-------- RECORDED DATA

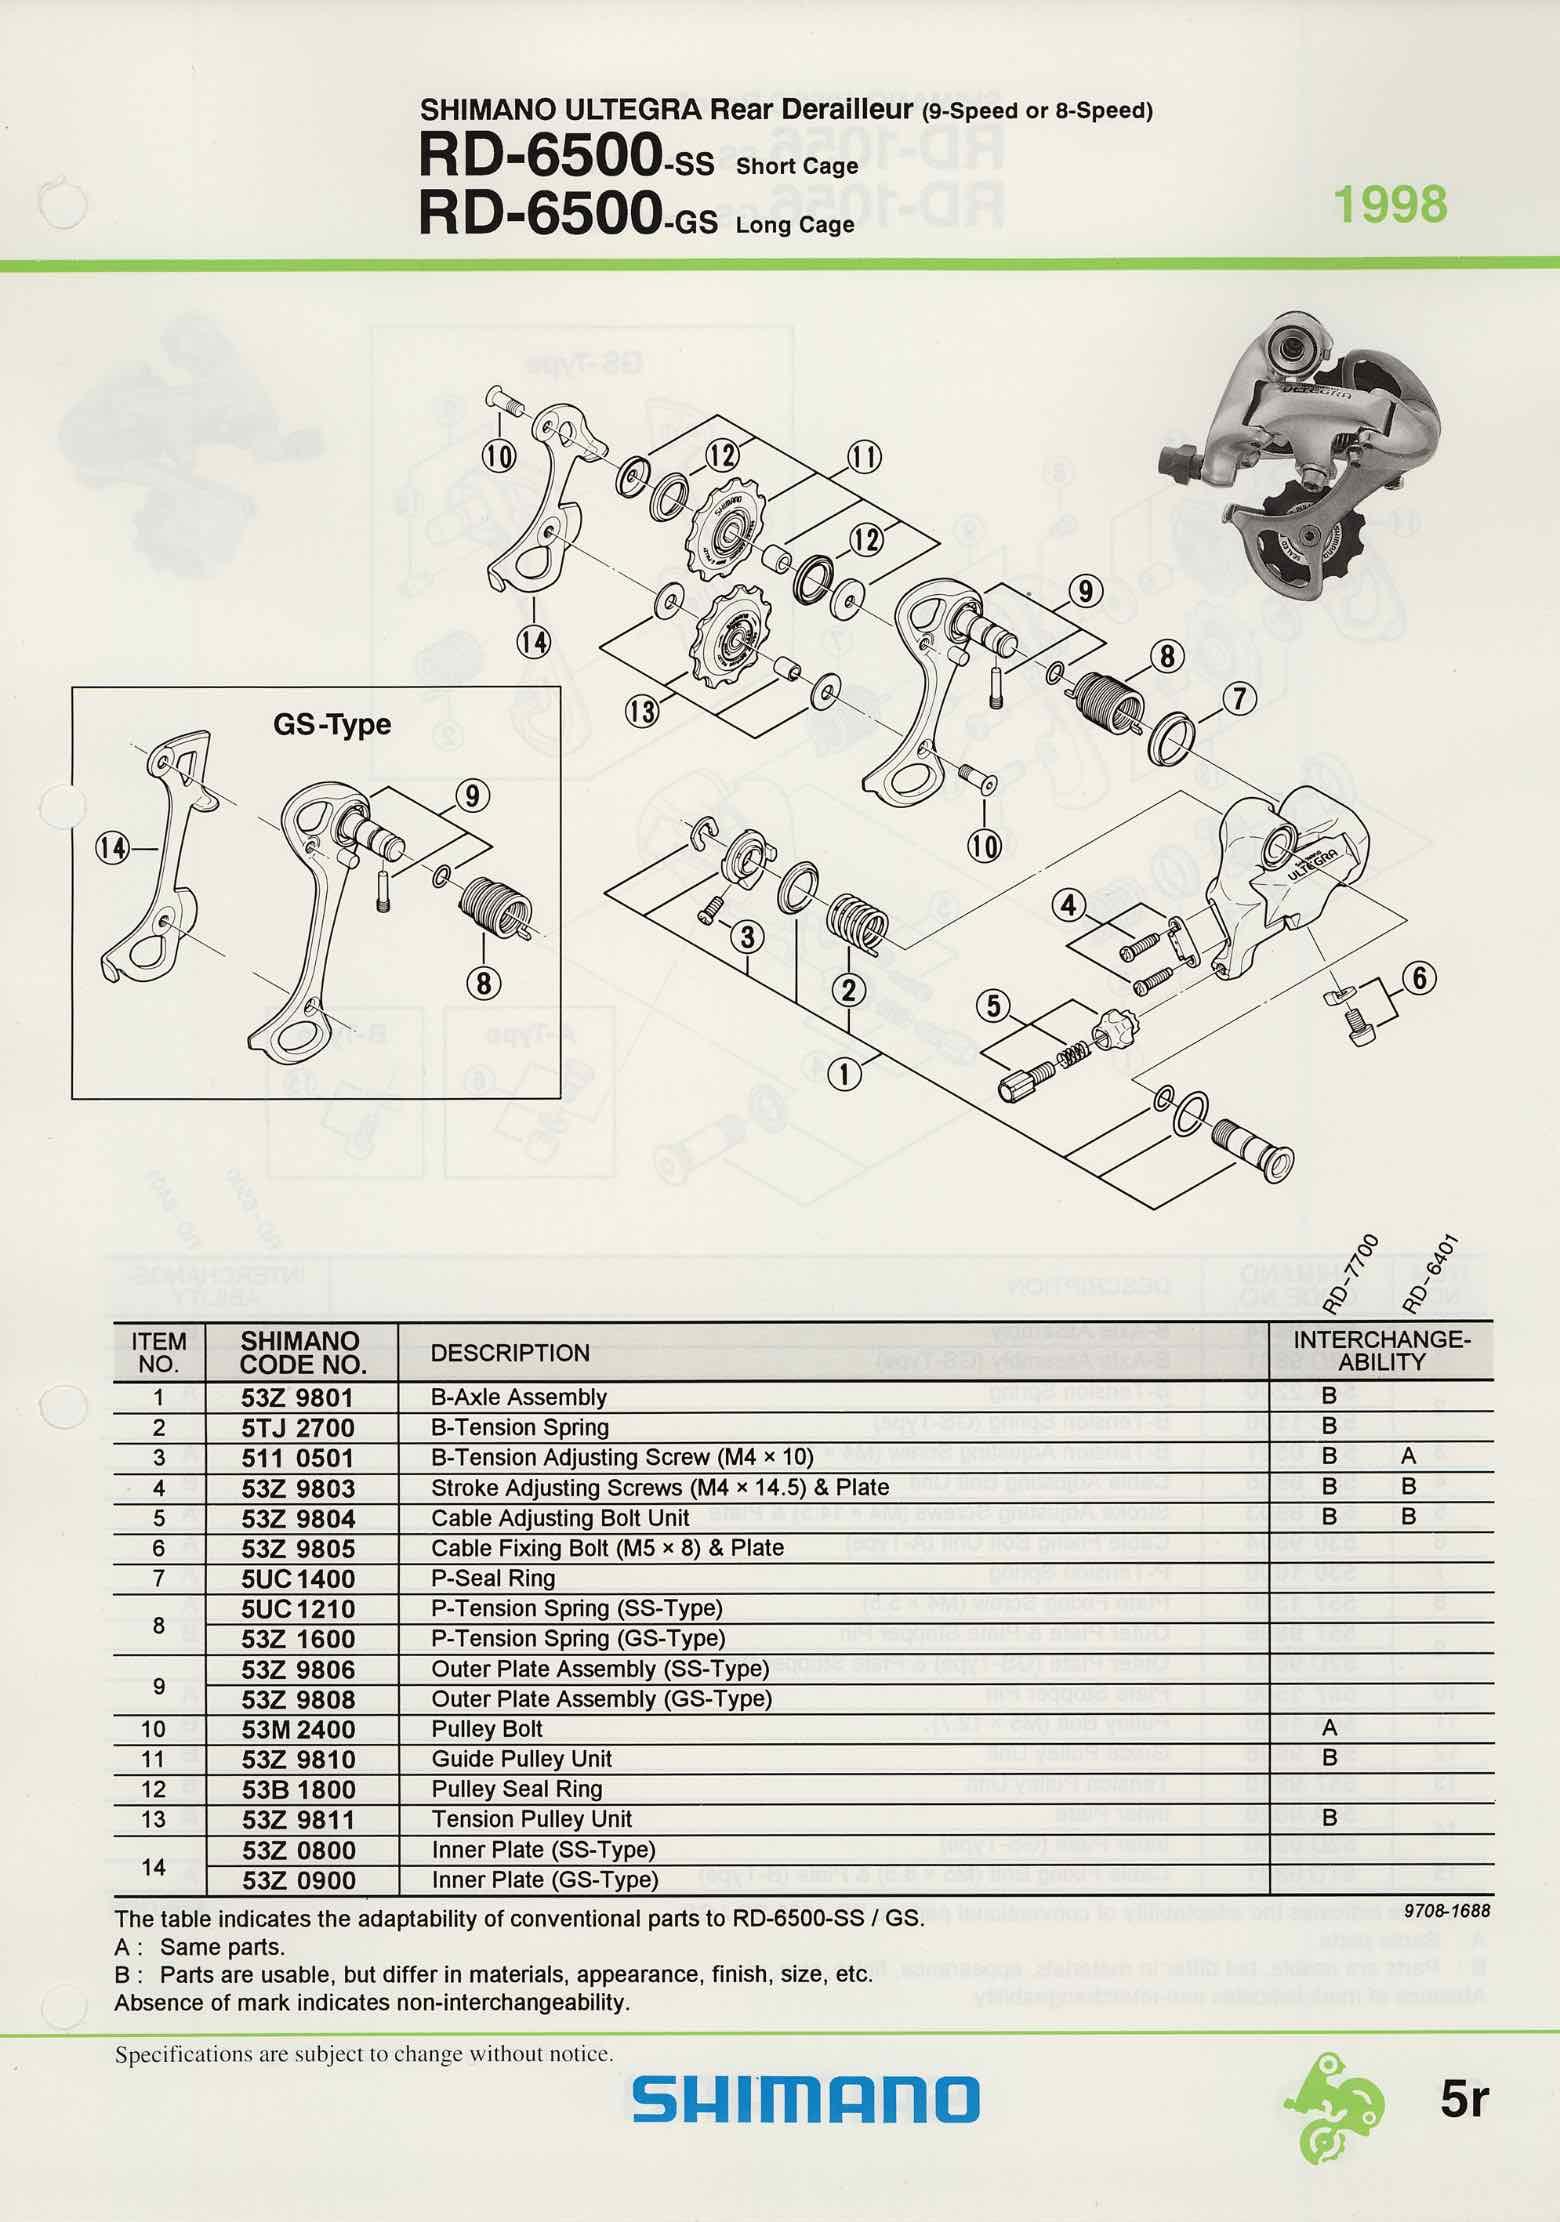 Shimano Spare Parts Catalogue - 1994 to 2004
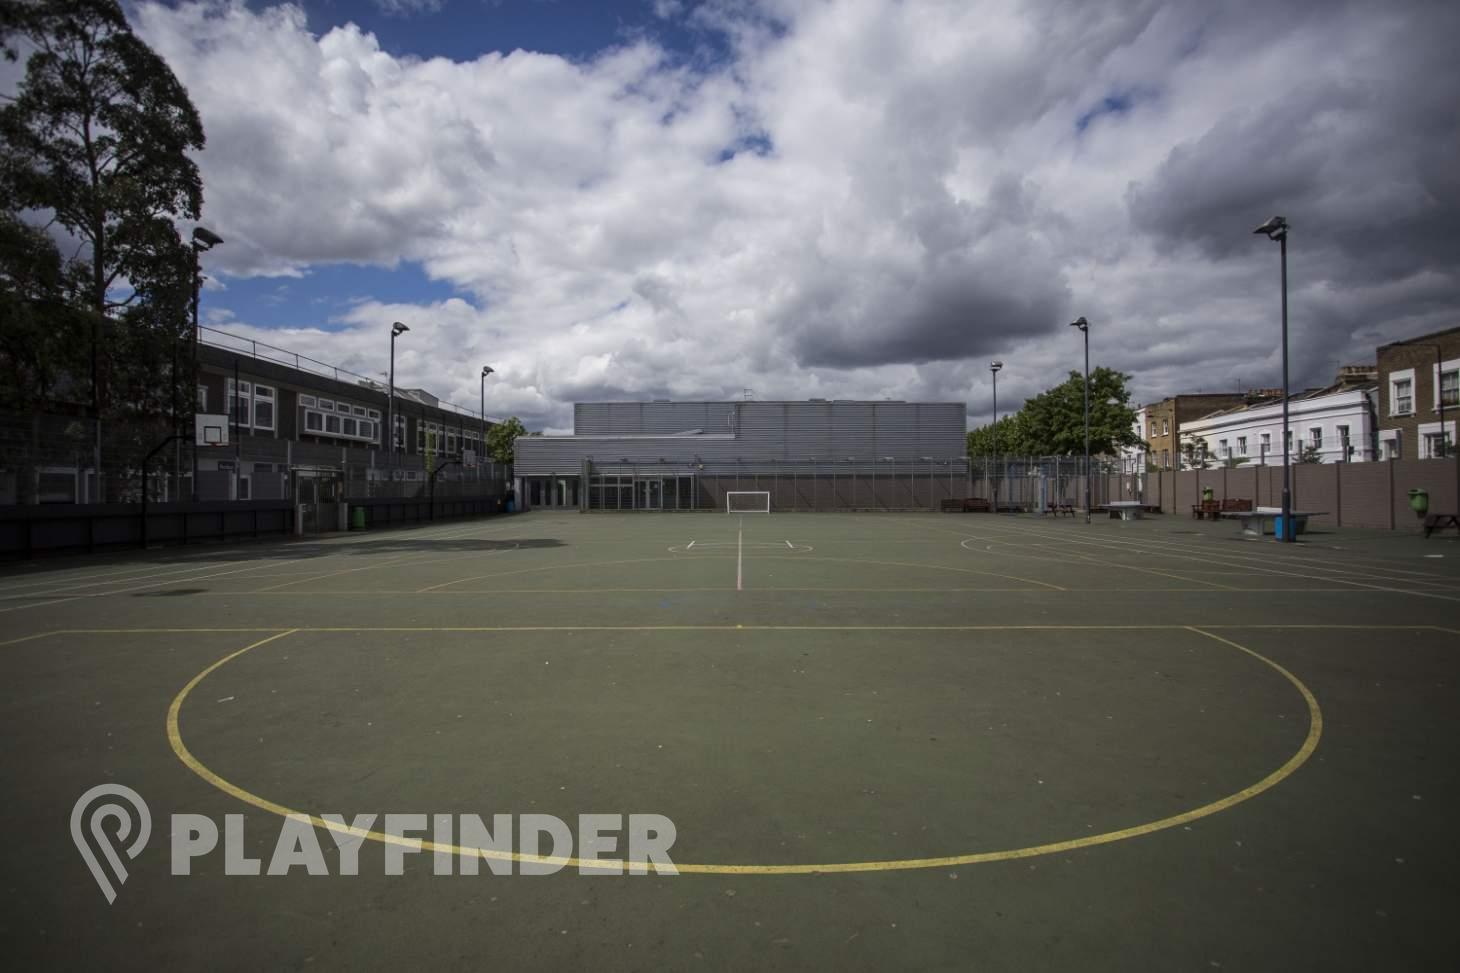 Acland Burghley School 5 a side | Concrete football pitch
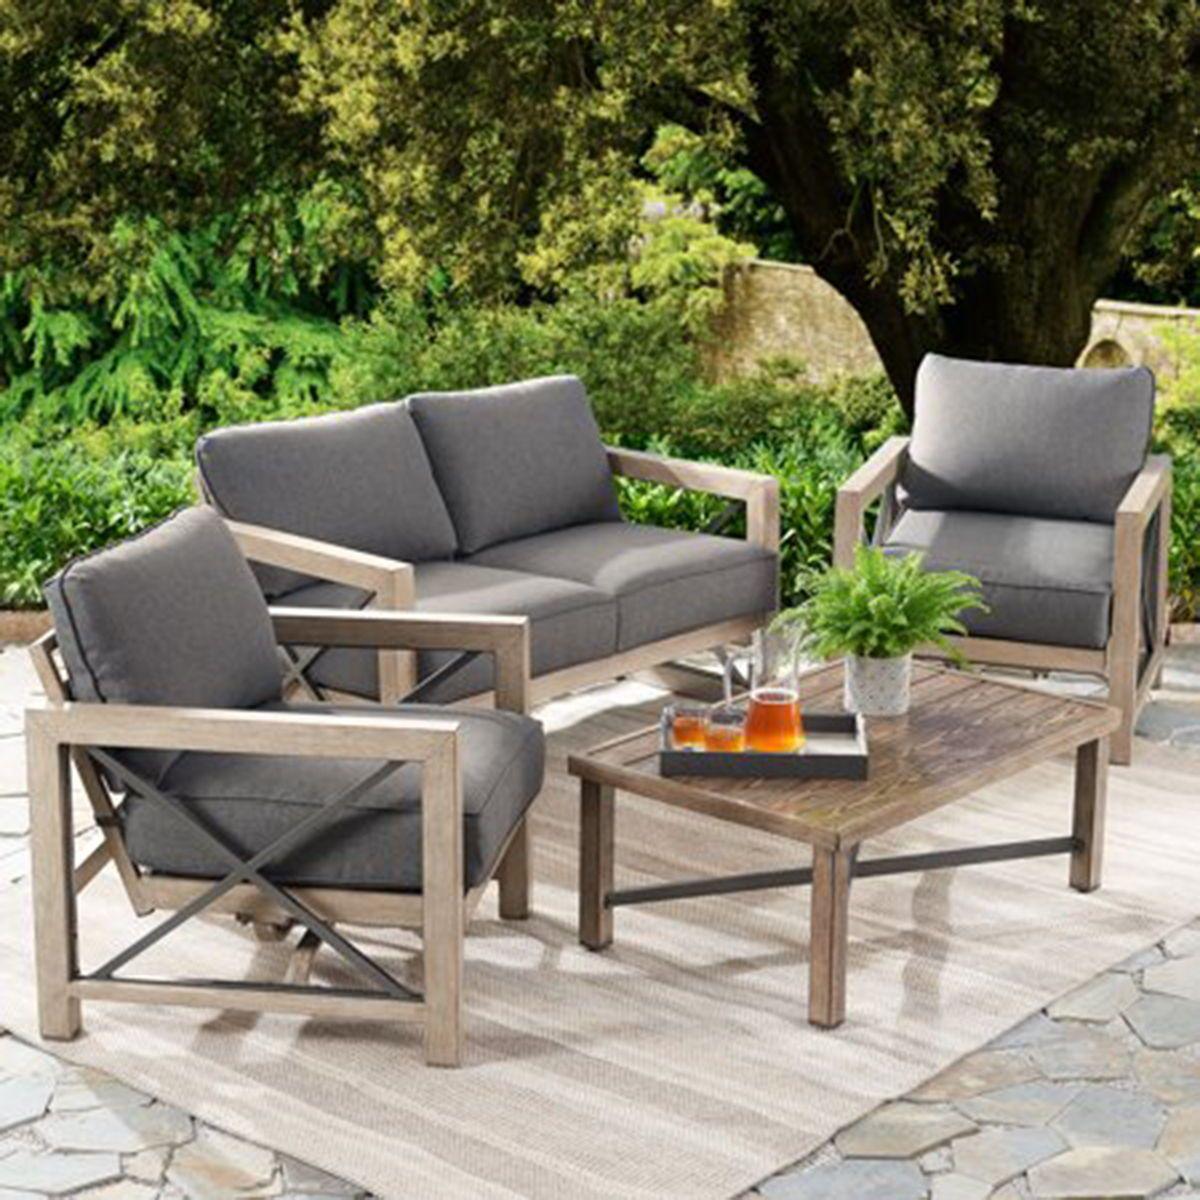 Patio Garden Patio Loveseat Patio Lounge Chairs Grey Cushions

----------------

### YOUR OBJECTIVE
Leaving all pictures aside, print exactly the lines from the one that contains "Acland Burghley School" through the last line of the data above, inclusive.

### COMPLETED TASK
 Acland Burghley School 5 a side | Concrete football pitch
 Patio Garden Patio Loveseat Patio Lounge Chairs Grey Cushions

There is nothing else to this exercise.